I return the kiss deeper and harder and then break away to reach for the condom package on the ground. He grabs the bottle of lube as I rip open the foil.

“I’ve been meaning to ask,” I whisper. “You’ve had fingers or other things in your ass before? I wasn’t your first?” He seems to be far too comfortable letting me back there. Unfortunately for someone who likes butts, like me, not many guys are.

He leans up to put a kiss on my lips and take the condom from me. “Fingers, yeah.” He rolls the condom on his length. “Other things, yeah.” He rubs lube along his erection and then holds out the bottle to me. Our eyes catch. I’m a little frozen.

“Other things,” I repeat.

“Toys, very small,” he says. “Here.” He rubs lube on my fingers

and then reaches for a towel so he can dry his off. Just so he can clutch the back of my head without getting it in my hair.

My brain is spinning with excitement and possibilities. “Do you have a prostate massager with you?” I ask.

“In my bedroom. Another night.” He kisses outside my lips. “Was I your first? I couldn’t tell.”

“You couldn’t?” I frown.

He shakes his head. “You’re good with your fingers, but you were really curious.” He looks me up and down, taking in my reaction. “I wasn’t your first, then.”

I nod and then his own fingers slide up between my legs. To check to see how aroused I am. He does that a lot. I realize because he’s so big that he really doesn’t want to hurt me. He’s very well attuned to his body.

And he’s been adeptly learning mine.

Our mouths meet again, and while we kiss, he slowly slides himself into me. His lips are beside my ear. “Remember go slow at first.”

I learned that the hard way the first time I was on top with him. Overeager, I tried to take him completely in me way too fast, and he bottomed out. There was more pain than pleasure, and he spent most of the night concerned and going so slow it was like riding a torturous edge.

My knees dig into the fuzzy bath rug, and Thatcher grips the bottoms of my thighs as I start to move up and down on him. Everything throbs and aches for more and more and more. Like I’m finding the right switch on my body.

I move a little faster.

“Jane. Fuck,” he says almost under his breath. Still trying to be quiet.

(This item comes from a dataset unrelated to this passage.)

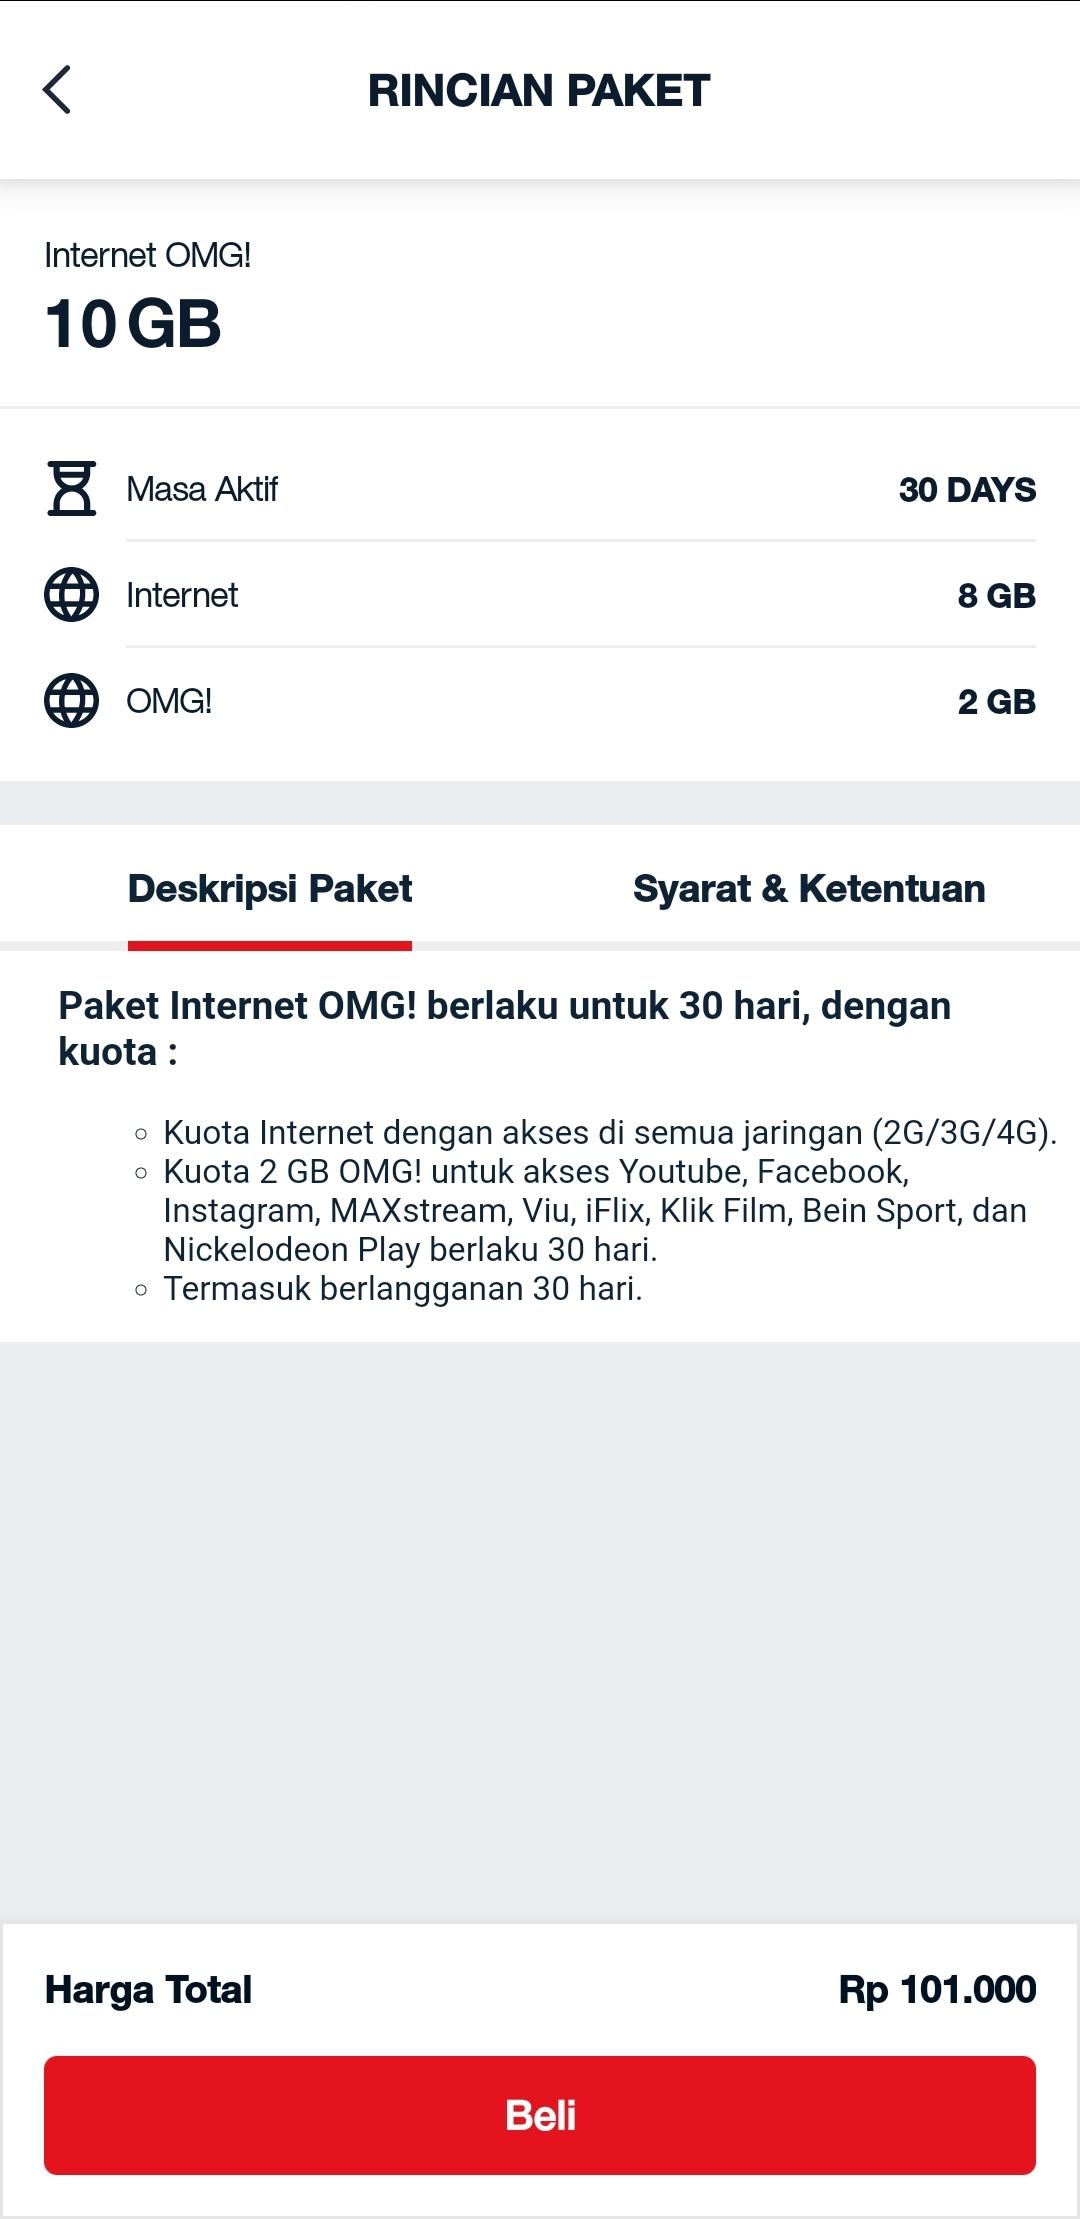 Paket Internet OMG

He stifles a deeper groan, so much so, that I can feel the noise rumble through his body. Up against mine.

“God ,” I say in a heavy breath and then lay a palm flat on his chest. It’s slick with sweat. Still sitting against the shower door, he bucks up into me, his length sinking deeper.

Oh God.

I’m already clenching around him. Legs trembling. Earth splitting feelings pinching me with pleasure.

“Jesus,” he breathes, still awed at how sensitive I am under his touch. It makes staying on top of him difficult because I get tender fast. But I try because I adore this position.